- April 3, 2012
Running is Well Boring
So I did some commiserating and some celebrating.
In yesterday’s Brighton Half Marathon, my second ever, I got a time, exactly the bloody same time as last year. In fact, 30 seconds slower. 2 hours, 2 minutes, 34 seconds. I don’t mind telling you, I wanted to cry.
But! All is not lost.
First up, I didn’t start where I should have at around the 1:45 point. Thanks to some steward not letting me cut into the 1:20 pen and walk back, I found myself starting at the 2 hour mark. That’s a lot of people to manoeuvre around and the course is narrow and busy so my idea of cutting past people like some whippet didn’t really happen. Maybe it was also my bladders fault for needing a last minute wee, but next time, no Mrs Nice Runner, I shall push forward to where I want to start. But I am British still, so I will say sorry a lot whilst pushing in.

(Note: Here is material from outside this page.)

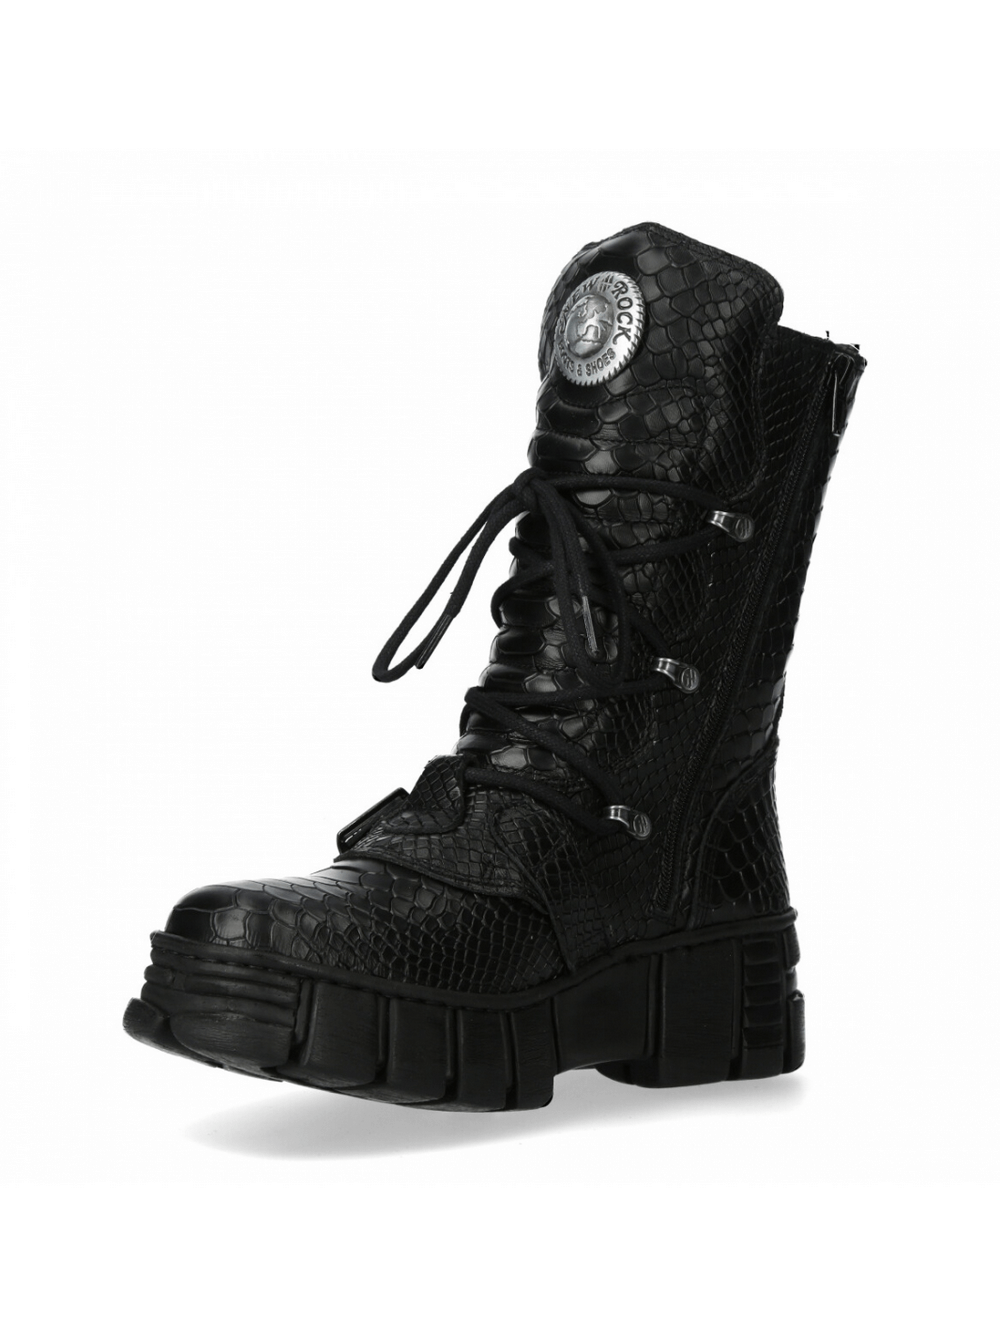 NEW ROCK Mid-Calf Boots with Gothic and Punk Elements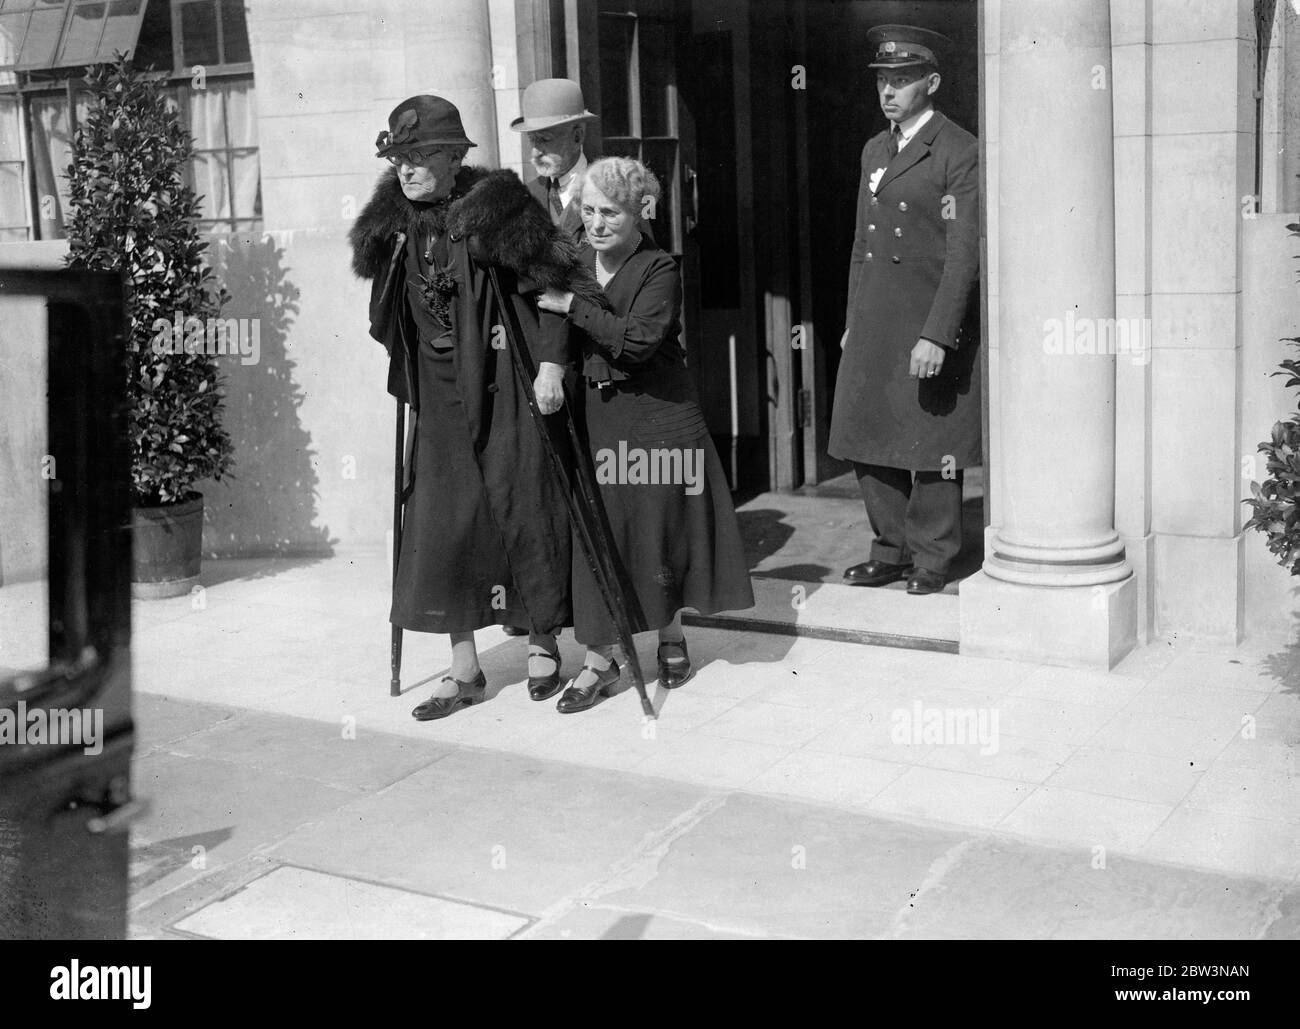 Peer of 82 weds sister in law of 81 at London Register Office . Lord Monteagle married Mrs Julia Spring Rice at Kensington Register Office . The bride being assisted from the house followed by the bridegroom as they left the register office . 11 September 1935 Stock Photo

Secondly, unlike last year when I died at the 10 mile mark, I did the exact opposite. I had more space, and realised I was not on time for a personal best so I started pegging it. As much as my tired-of-running-10-miles-of-running-already legs could manage. This is good, as at least I paced myself and probably could have run faster all along.
Third of all, and some would say most importantly, the course was a bit longer. Lots of runners seemed very worked up about this, but as long as I get to stop at some point I’m not that fussed. It appears despite many checks of the course length (13.1 miles for a half marathon) was actually around 13.5 miles. This is the really good news, as funnily enough adds about ooh, around 2 minutes and 34 seconds to my time. Cut that off and well-whaddya-know, 2 hours. A personal best! And all thanks to maths! And I hate Maths! Who would have thought it?
Fourtherly, and most important to me, I did not repeat DID NOT get overtaken embarrassingly by someone dressed as a toilet. I did see a guy dressed as Sponge Bob Square Pants, and a bloke in pink leotard. After the finish line this year I saw two ‘toilet people’, who run for charity Water Aid in case you were wondering, and almost mentioned last year’s overtaking incident, but thought better of it. I wasn’t in a good mood at this point, did I mention the wanting to cry already? I did? Good.
Another issue I had, which I am embarrassed to admit working in radio-land, my Ipod playlist ended at mile 10. I don’t know how I over looked the playlist length, but I wasn’t going to waste time fishing the thing out of my pocket and trying to unlock it and starting it again. That’s like, 10 whole seconds wasted. And if I had done that I would have missed one of the funniest moments of the whole race. Running past a bloke at 11 miles who had stopped to walk for a bit, and overhearing his earphones blaring out Queen Don’t Stop Me Now. That, Alanis Morissette, is irony. I think.
So those are my excuses, should you wish to believe them or not, unless you’ve done a half marathon I’m listening to you anyway. If this were a tweet I’d put a smiley face there, but I’ve already lowered the tone with deliberate spelling errors so I won’t. Lets hope I don’t have to cheat to get a PB at the Reading Half in April. The target after that, is still to finish the Brighton marathon in under 4 hours. But for today, I can’t walk.